WORK INSTRUCTION:
Please set down exactly the lines from the one that contains "cheveux auburn modèle" through the end of the material, leaving out every picture.

DATA:
▬▬▬

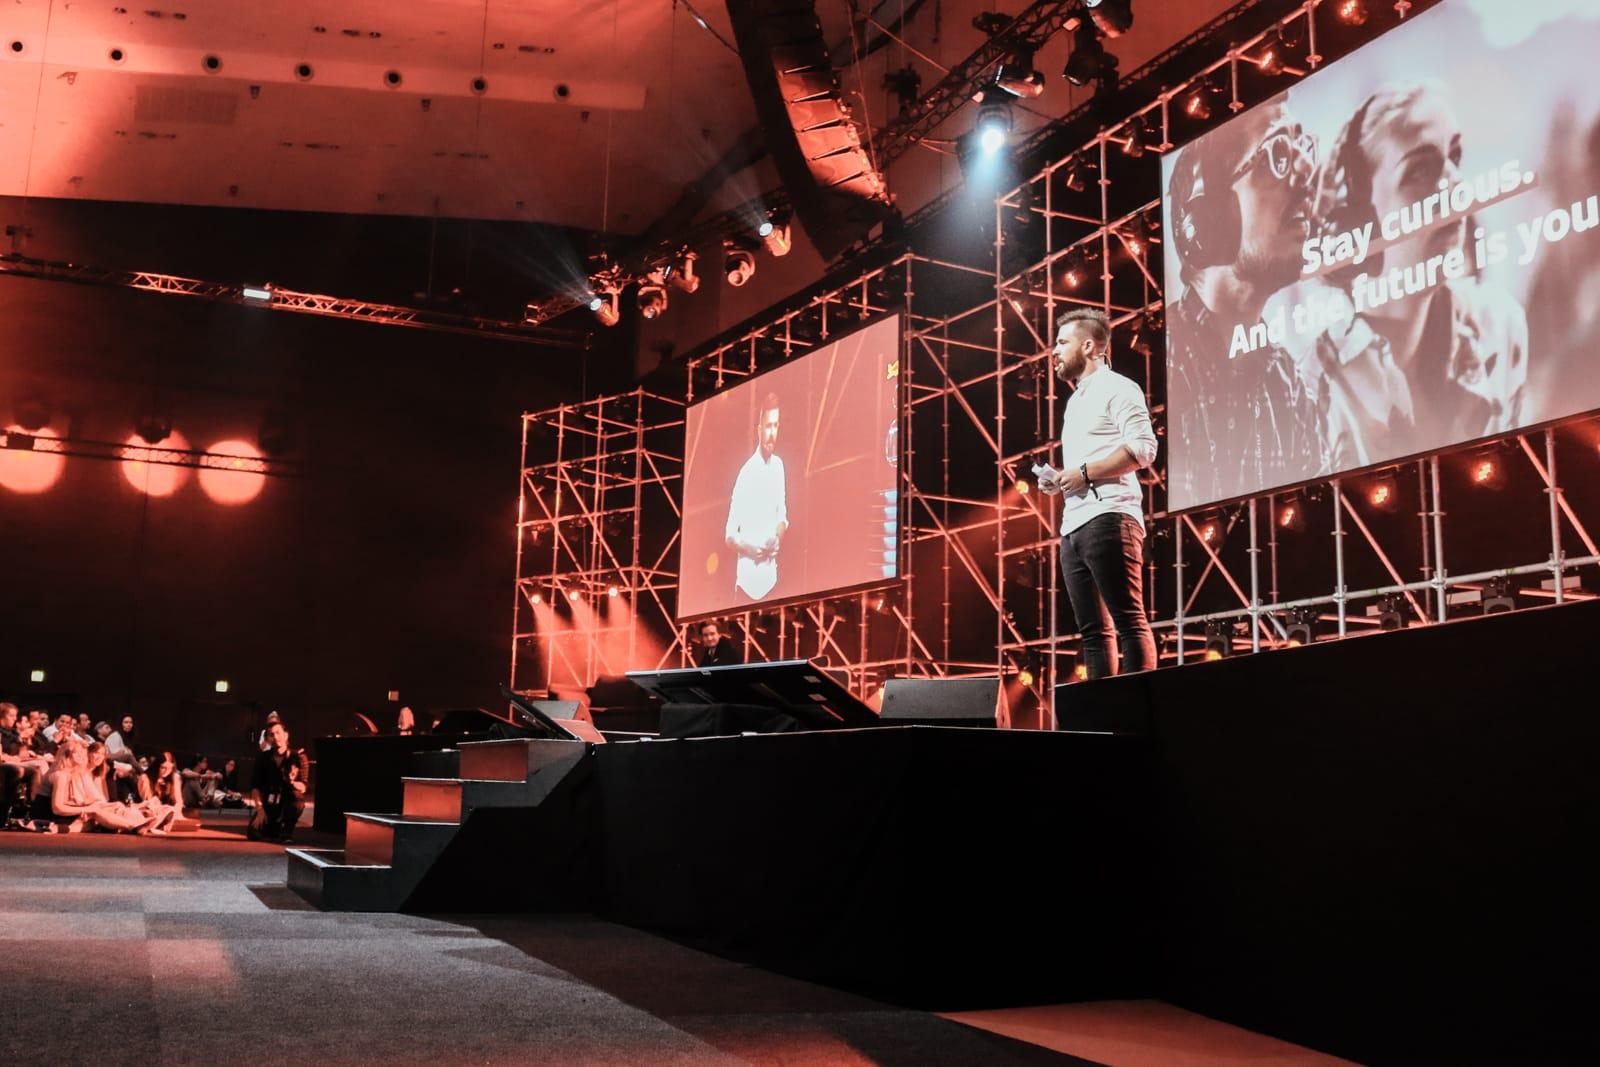 Stefan giving his opening speech at Fifteen Seconds 2018
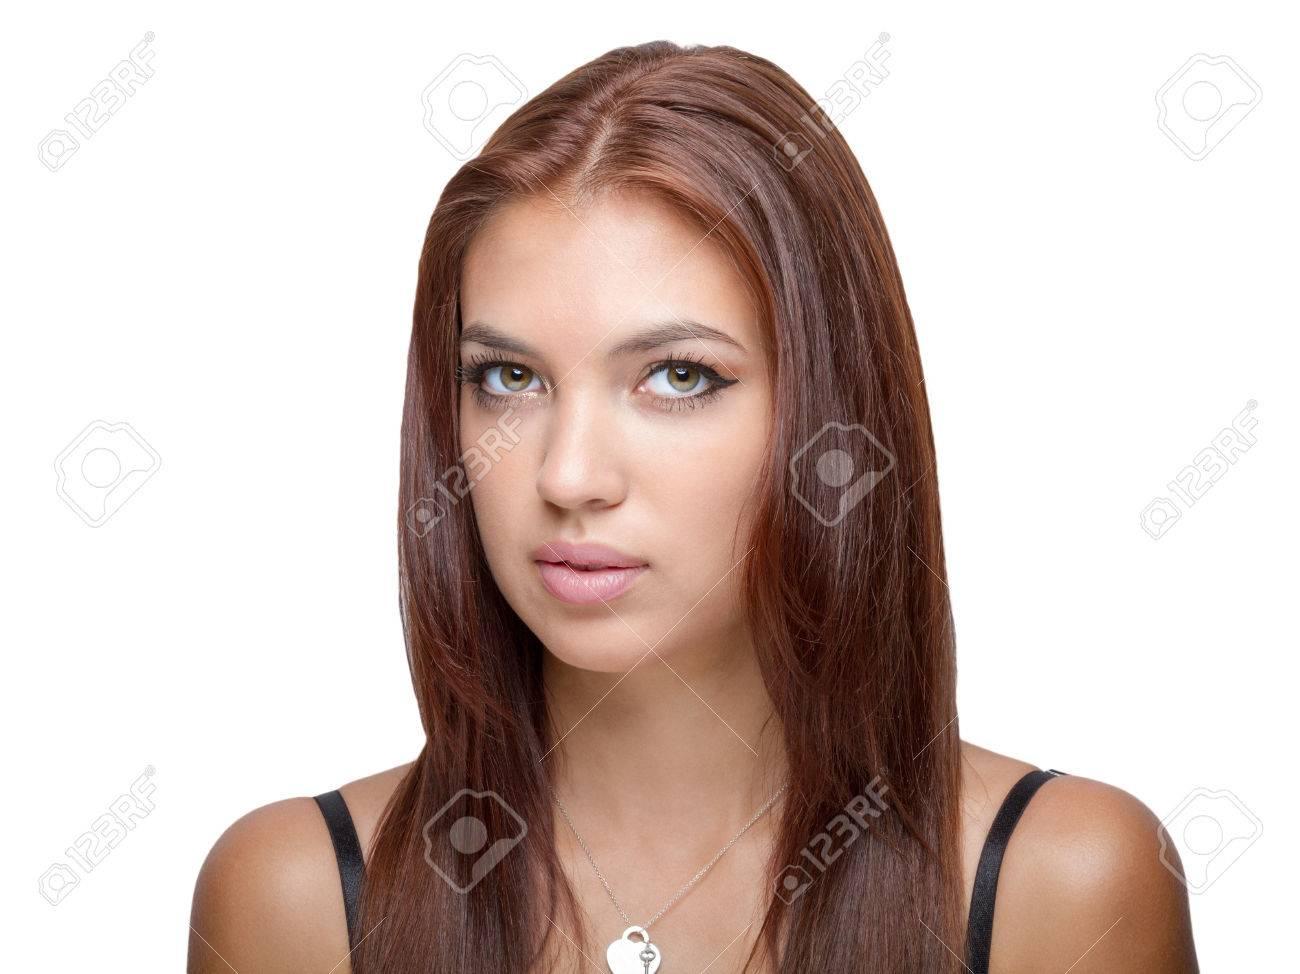 cheveux auburn modèle féminin menton incliné coup de tête banque d
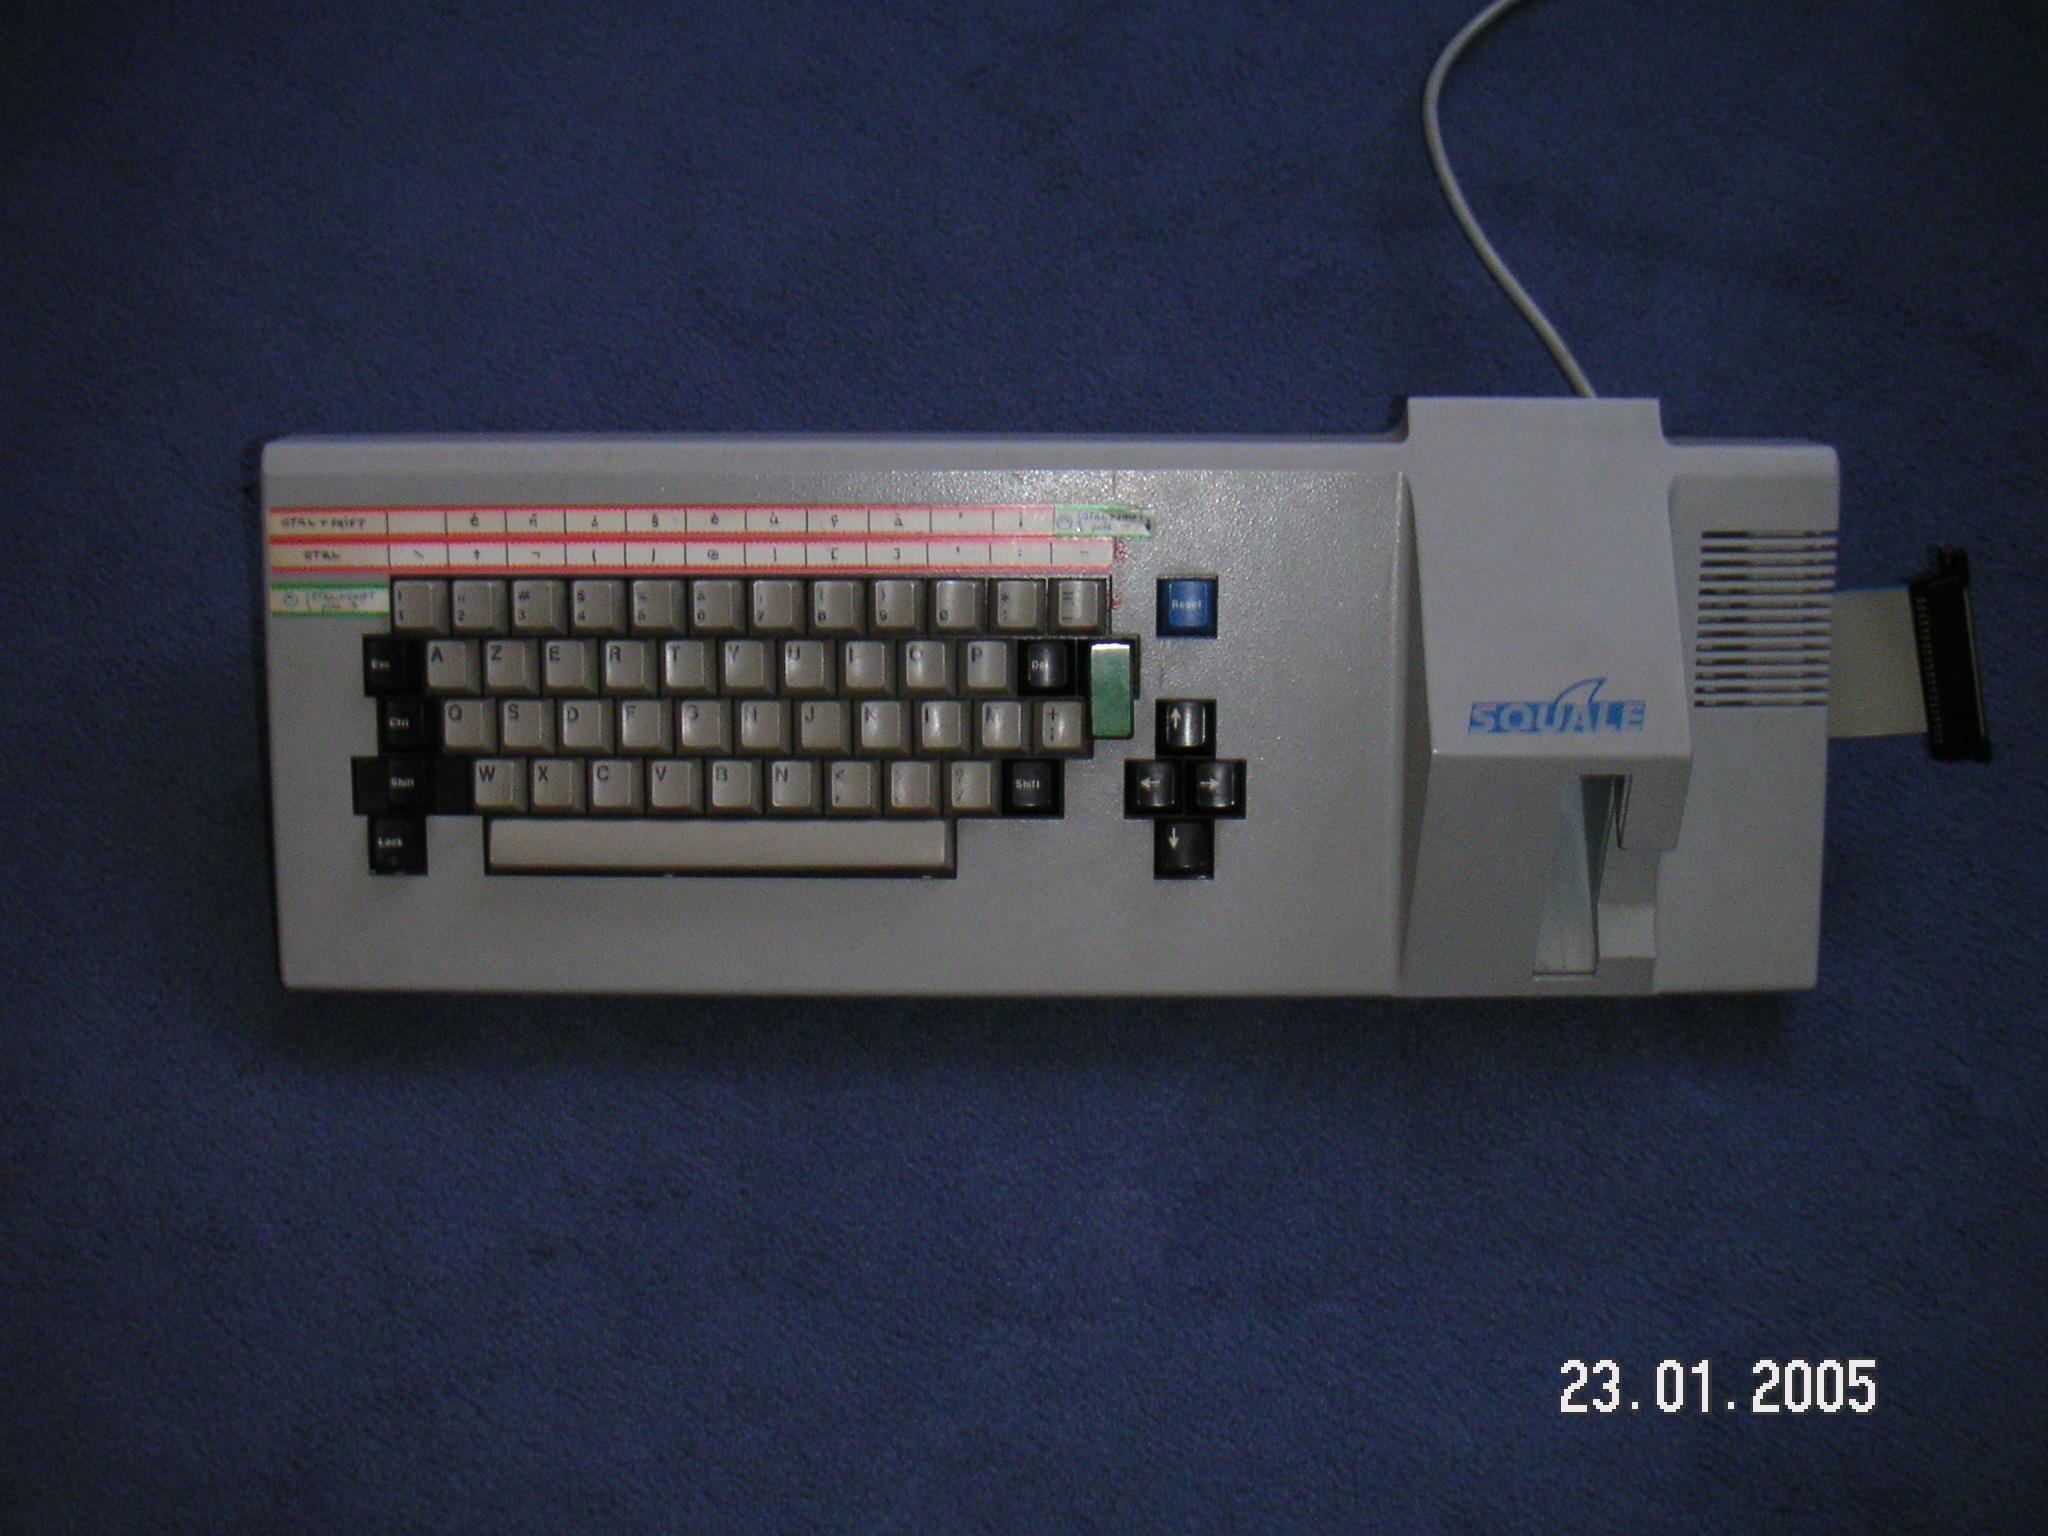 Débat : Le plus bel ordinateur 8/16 bit - Page 3 PICT0028
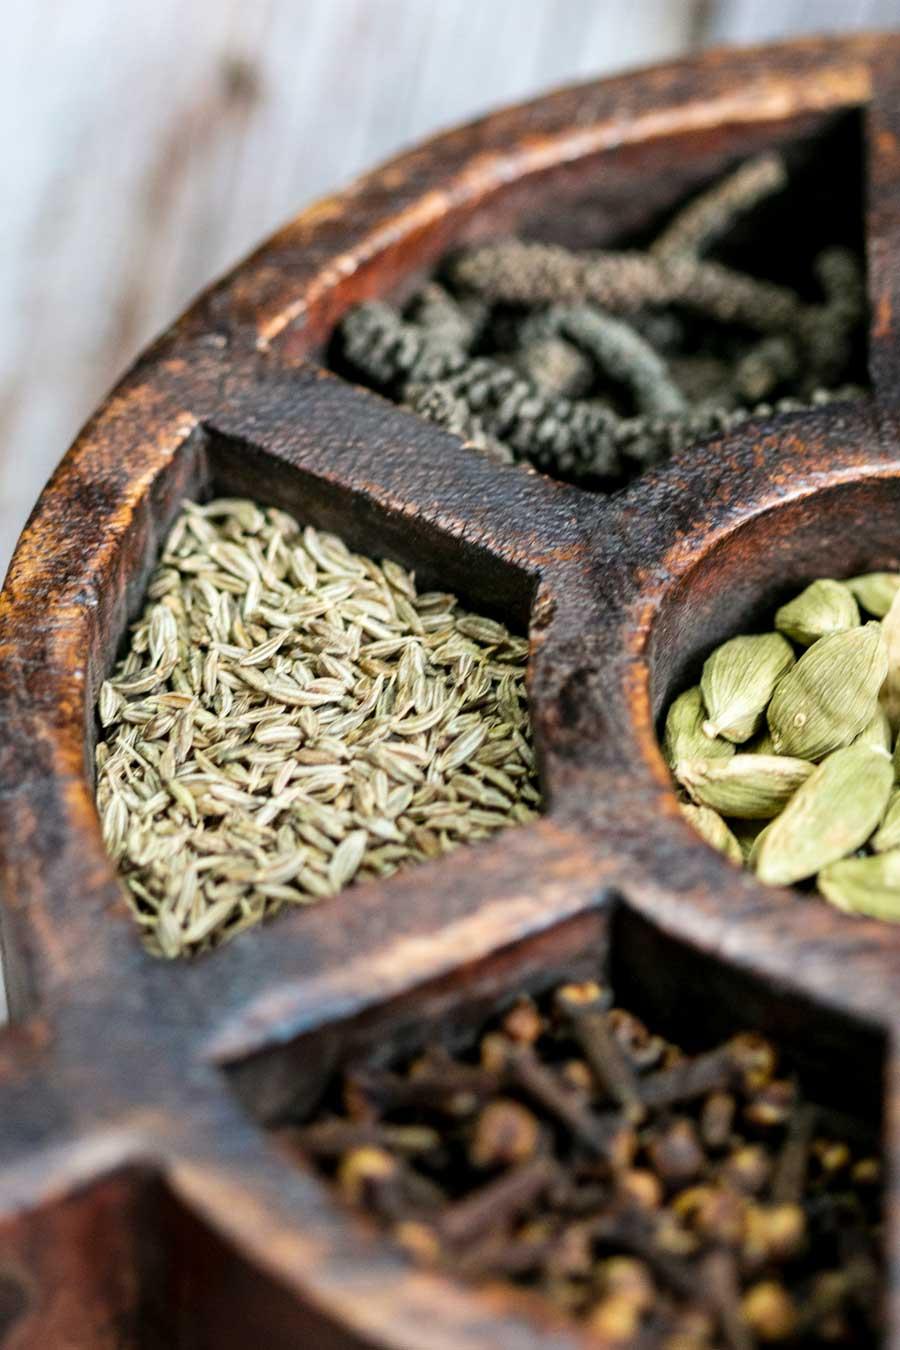 Epices sèches dans une boîte à épices indienne en bois

▬▬▬

RESULT OF THE EXERCISE:
 cheveux auburn modèle féminin menton incliné coup de tête banque d
 Débat : Le plus bel ordinateur 8/16 bit - Page 3 PICT0028
 Epices sèches dans une boîte à épices indienne en bois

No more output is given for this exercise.